The fifth section, titled 'Liability,' outlines the obligations of the provider to use due care and skill in carrying out the services. It also includes provisions for indemnification in case of negligence resulting in death, personal injury, or physical damage to property.

 

The sixth section, titled 'Force Majeure,' addresses the occurrence of unforeseen circumstances beyond the control of either party that may affect the performance of the agreement. It provides provisions for the extension of time for performance and the option for the customer to obtain services from another party in case of force majeure.

 

The seventh section, titled 'Duration and Termination,' specifies the duration of the agreement and the circumstances under which either party may terminate the agreement.
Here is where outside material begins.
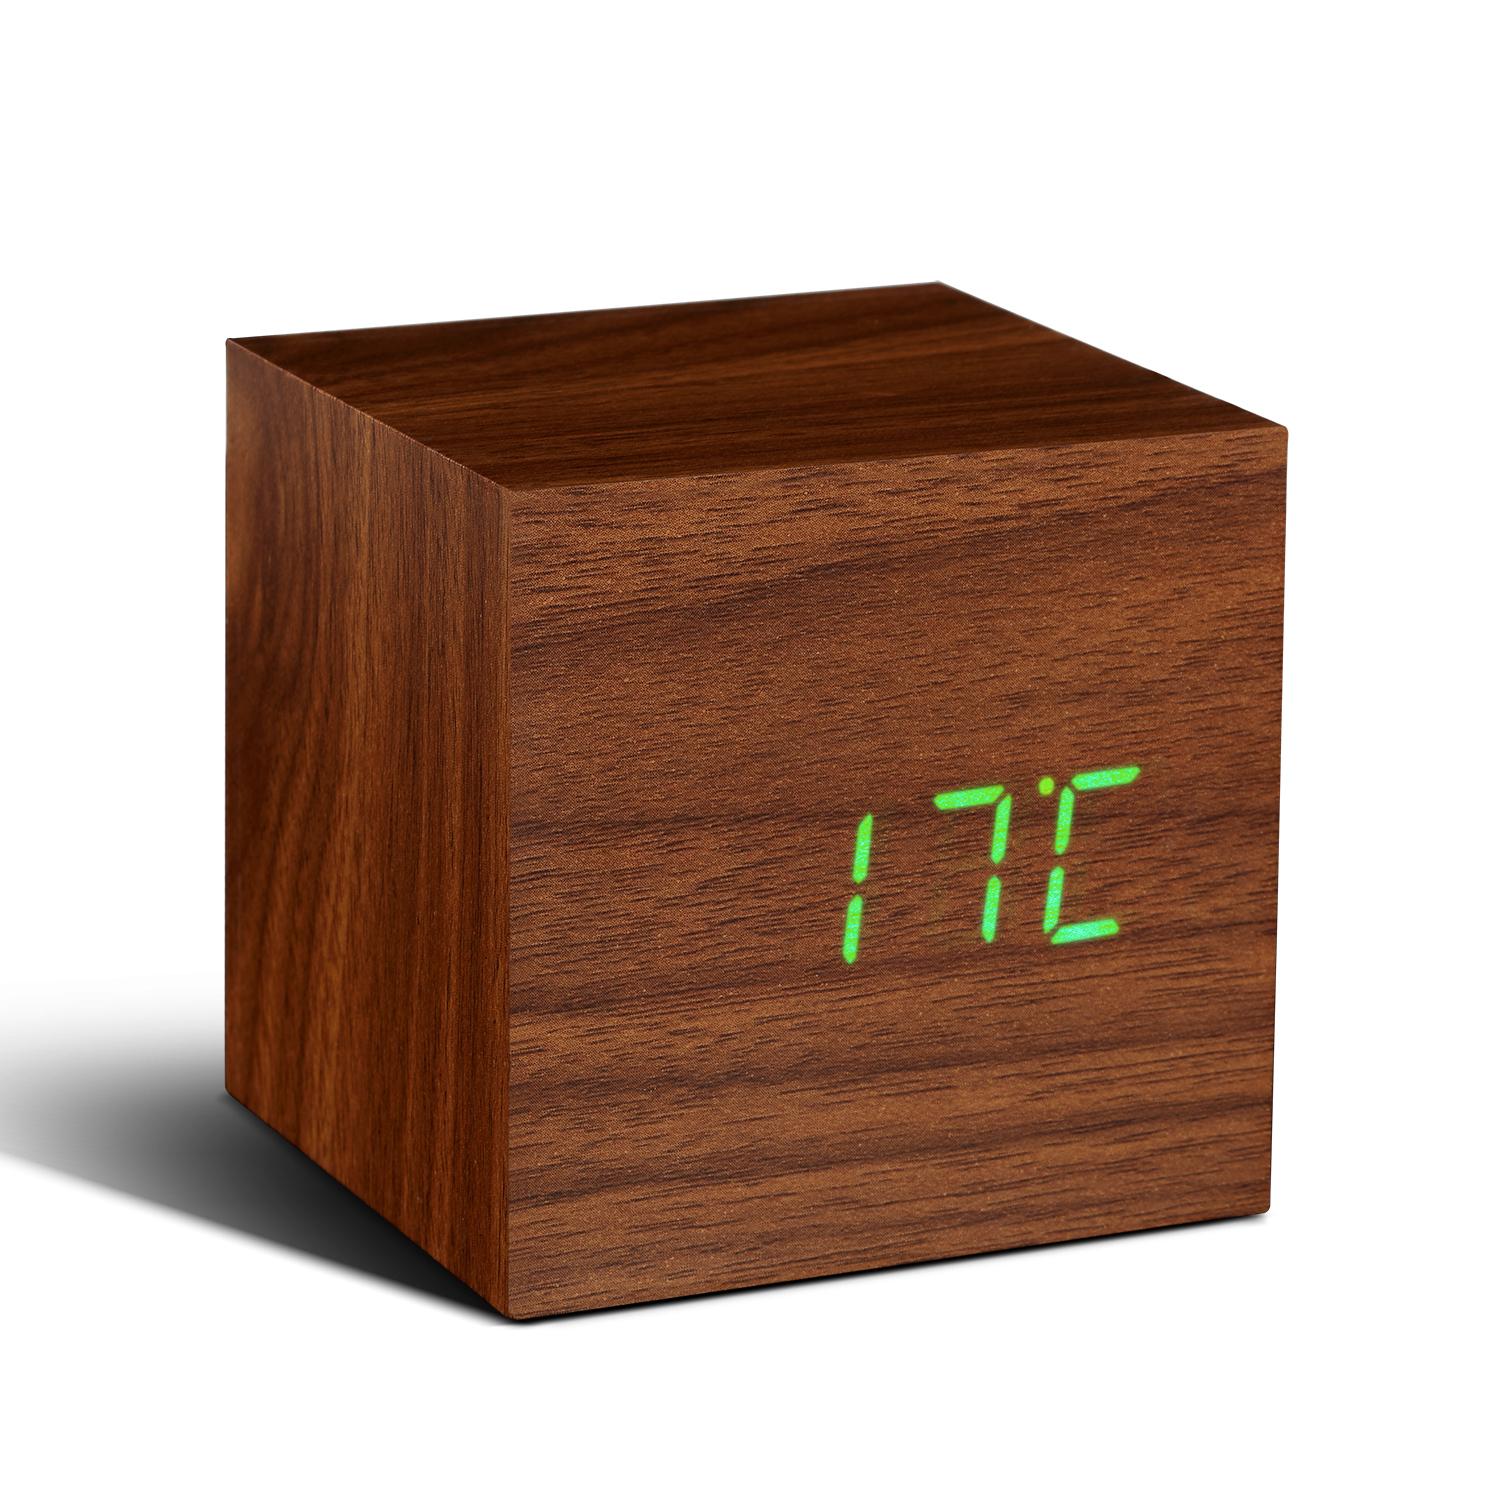 Gingko – Cube Walnut Click Clock with Green LED Display in Gift Box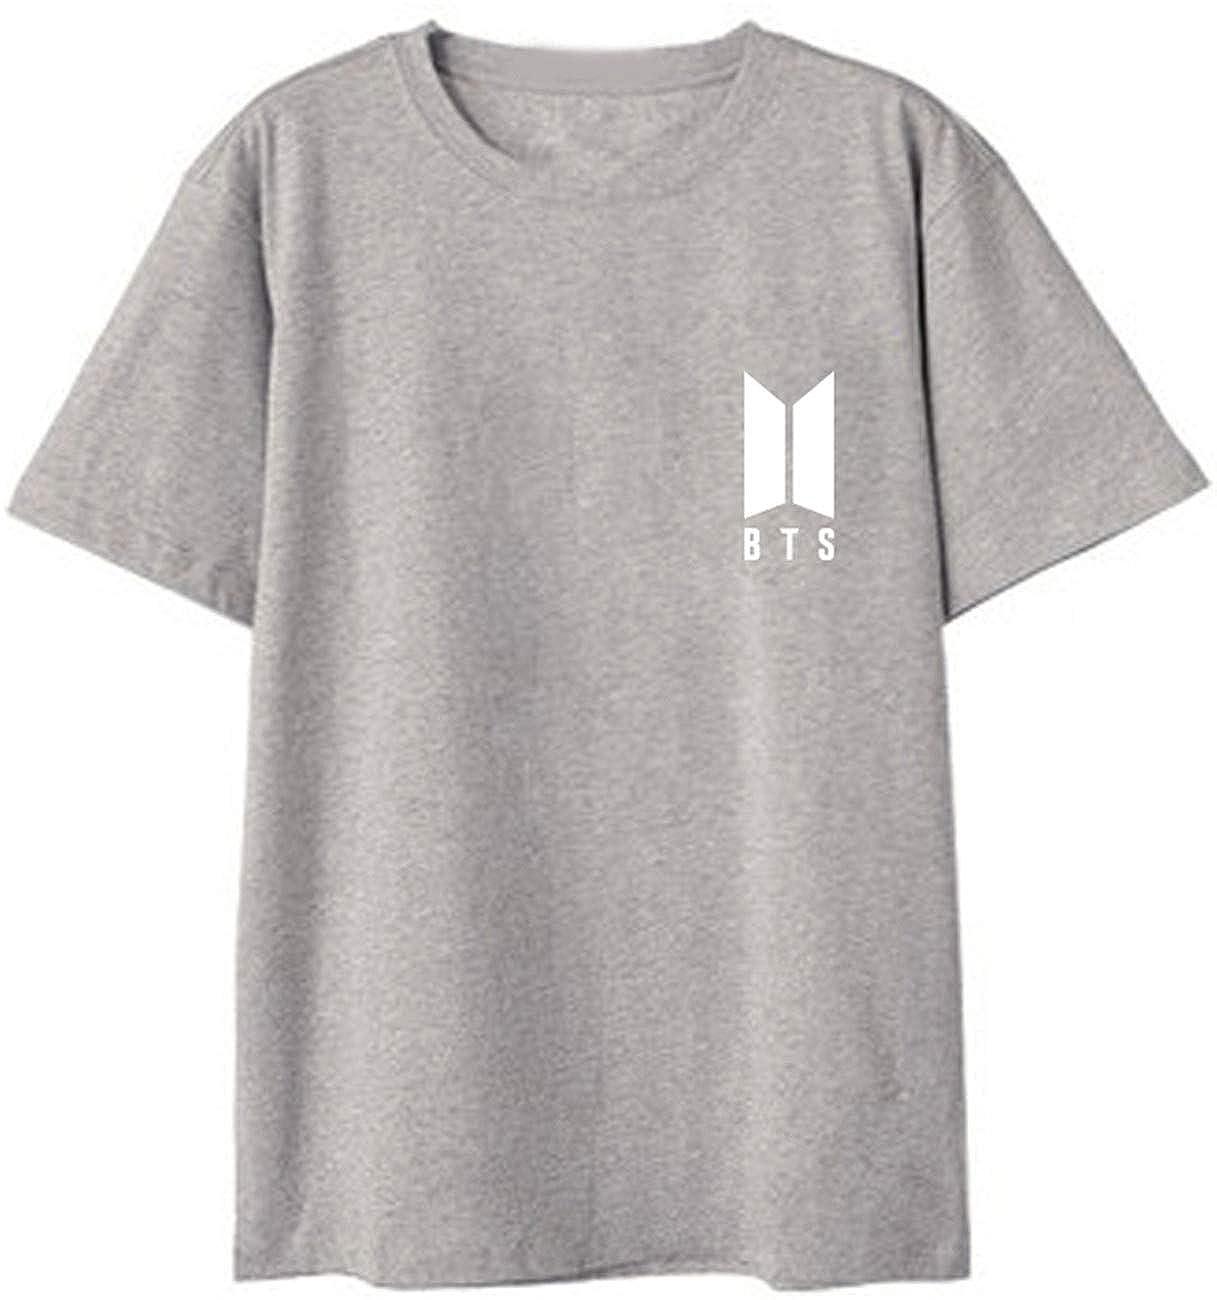 SERAPHY Unisex KPOP BTS T-shirt Bangtan Boys Top Birthday tshirts

It also includes provisions for the consequences of termination.

 

The eighth section, titled 'Nature of Agreement,' clarifies the relationship between the parties and includes provisions regarding the assignment of obligations, subcontracting, and the non-creation of a partnership.

 

The ninth section, titled 'No Rights under Contracts for Third Parties,' clarifies that no third party has the right to enforce any terms of the agreement.

 

The tenth section, titled 'Arbitration and Proper Law,' provides provisions for the resolution of disputes and the applicable law.

 

The eleventh section, titled 'Notices and Service,' outlines the requirements for giving notice under the agreement, including the methods of delivery and the addresses of the parties.

 

The twelfth section, titled 'Confidentiality,' includes provisions for the protection of confidential information.

 

The thirteenth section, titled 'Intellectual Property,' addresses the ownership and licensing of intellectual property rights.

 

The document concludes with the signatures of the duly authorized representatives of both parties, indicating their agreement to the terms and conditions set forth in the agreement.

How to use this document?


1. Enter the necessary information: Fill in the names and principal places of business of both parties in the agreement. This ensures that both parties are clearly identified.

2. Specify the services, exclusivity, and authority: Clearly describe the services to be provided by the provider and specify whether the services are exclusive to the customer. Also, determine the authority of the provider to act on behalf of the customer.

3. Define customer's obligations: Ensure that the customer provides full and free access to the location and any necessary information or records. Take necessary steps to ensure the safety of the provider's personnel visiting the premises.

4. Agree on service fees: Determine the service fees to be paid by the customer as set out in Schedule 2. Consider the possibility of reviewing and adjusting the fees on the anniversary of the agreement.

5. Address liability: Ensure that the provider uses due care and skill in carrying out the services. Include provisions for indemnification in case of negligence resulting in death, personal injury, or physical damage to property.

6. Consider force majeure: Discuss the potential impact of unforeseen circumstances beyond the control of either party and include provisions for the extension of time for performance and the option for the customer to obtain services from another party.

7. Determine the duration and termination: Agree on the duration of the agreement and the circumstances under which either party may terminate the agreement. Consider the consequences of termination.

8. Understand the nature of the agreement: Clarify the relationship between the parties and consider the possibility of assigning obligations or subcontracting.

9. Note the absence of rights for third parties: Understand that third parties do not have the right to enforce any terms of the agreement.

10. Address confidentiality: Take necessary measures to protect confidential information shared between the parties.

11. Consider intellectual property: Understand the ownership and licensing of intellectual property rights.

12. Seek legal advice if necessary: If you have any doubts or concerns about the agreement, consult with a legal professional to ensure that all aspects are properly addressed and understood.